Rated airflow (m³/h): The volume of fresh air the system can supply per hour.

Recommended air change rates:

Residential standard: 0.5–1 air changes per hour (i.e., replacing 50%–100% of indoor air volume per hour)
Heavily polluted areas or homes with infants: ≥ 1 air change per hour

Calculation formula:

Required airflow (m³/h) = Indoor space volume (m³) × Air change rate

Example: 120 m², ceiling height 2.8m → volume 336 m³, target air change rate 0.8 → required airflow approx. 270 m³/h

Selection: Choose a model with rated airflow ≥ the calculated value, with 20% margin (duct resistance reduces actual airflow).

Noise: The Hidden Killer of Sleep Quality

Fresh air systems run 24 hours a day, and noise significantly affects sleep.

Level	Noise dB(A)	Description
Excellent	≤ 26 dB	Virtually imperceptible in the bedroom
Acceptable	27–35 dB	Slight operating sound can be noticed
Too loud	> 35 dB	Affects sleep, not recommended

Check the "sleep mode / low-speed noise" value in the spec sheet, not the high-speed noise.

Installation Considerations

Ceiling installation: The main unit is installed in the ceiling, ducts run through the ceiling space, supply vents are flush with the ceiling surface — most aesthetically pleasing, but requires pre-renovation planning; difficult to retrofit.

Wall-mounted / through-wall installation (single-room type): No ceiling work needed; a hole is drilled through the exterior wall. Suitable for retrofitting a single room in an older building, but not as effective as central fresh air for whole-house coverage.

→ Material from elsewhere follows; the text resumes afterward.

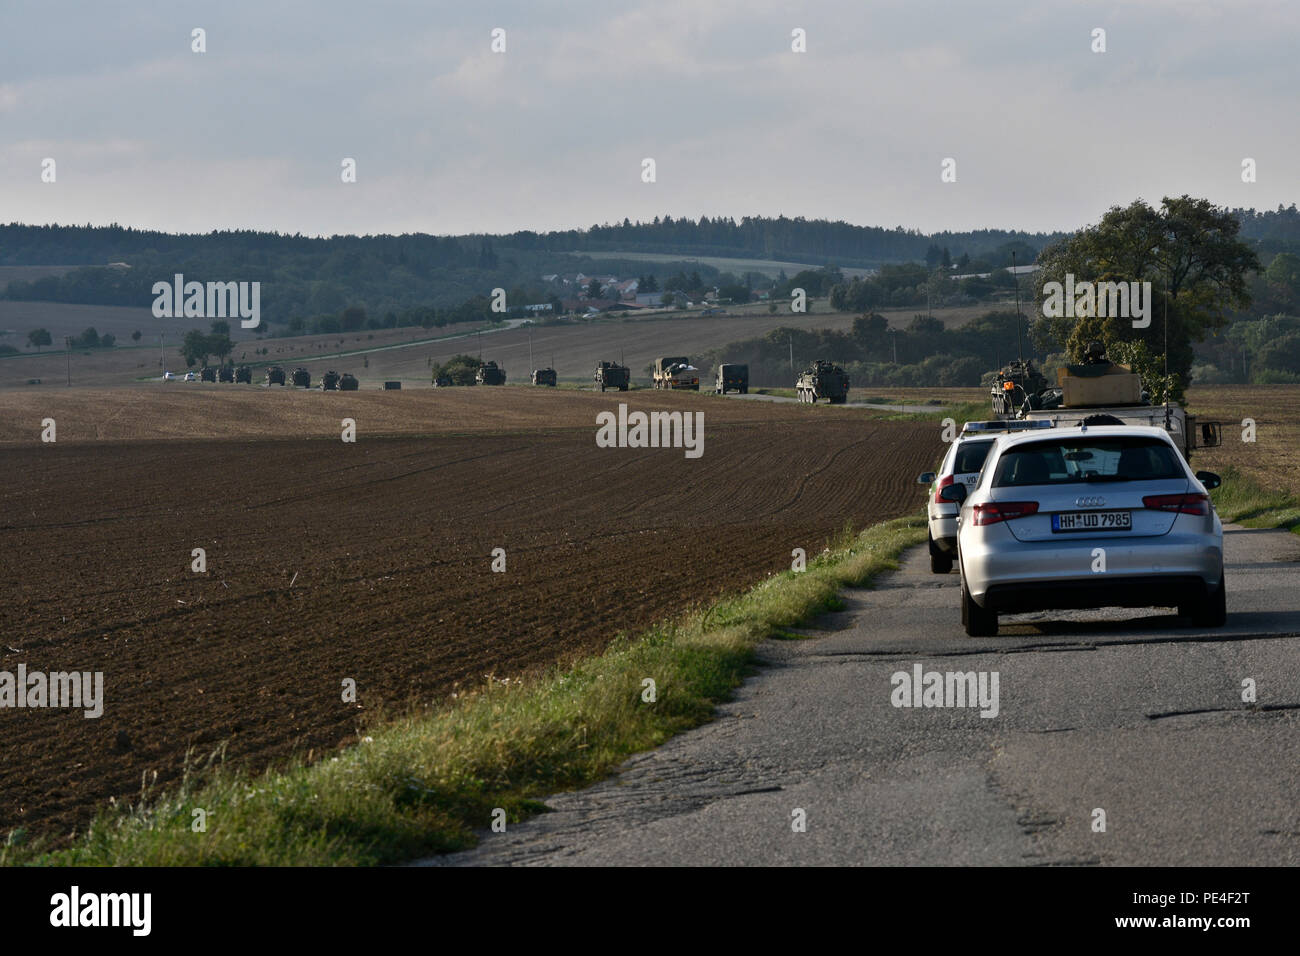 Troopers assigned to 4th Squadron, 2nd Cavalry Regiment, conduct a vehicle convoy through local Czech Republic farmland during Dragoon Crossing, a tactical road march starting out at Rose Barracks, Germany and continuing through the Czech Republic and the Slovak Republic ending in Hungary Sept. 13, 2015. The purpose of the exercise is to reassure NATO allies of the U.S. intent during Operation Atlantic Resolve while demonstrating interoperability and freedom of movement throughout Eastern Europe. (U.S. Army photo by Sgt. William A. Tanner/released) Stock Photo

Recommendation: New renovations must prioritize planning the fresh air system. Trying to fix it after renovation is complete will result in significantly more work and worse results.

Formaldehyde Removal: An Add-On Feature of Some Models

The core function of a fresh air system is ventilation and filtration, not formaldehyde removal. Some models include built-in formaldehyde filtration modules (activated carbon, photocatalytic), which have some auxiliary effect. However, the fundamental solution for formaldehyde during the post-renovation period is still extensive ventilation (open windows directly, not using the fresh air system). Once formaldehyde has been released, the fresh air system serves as a daily maintenance tool.

Parameter standards in this article are sourced from GB/T 21087-2020 "Air-to-Air Energy Recovery Equipment" and GB/T 34012-2017 "Air Cleaning Devices for Ventilation Systems."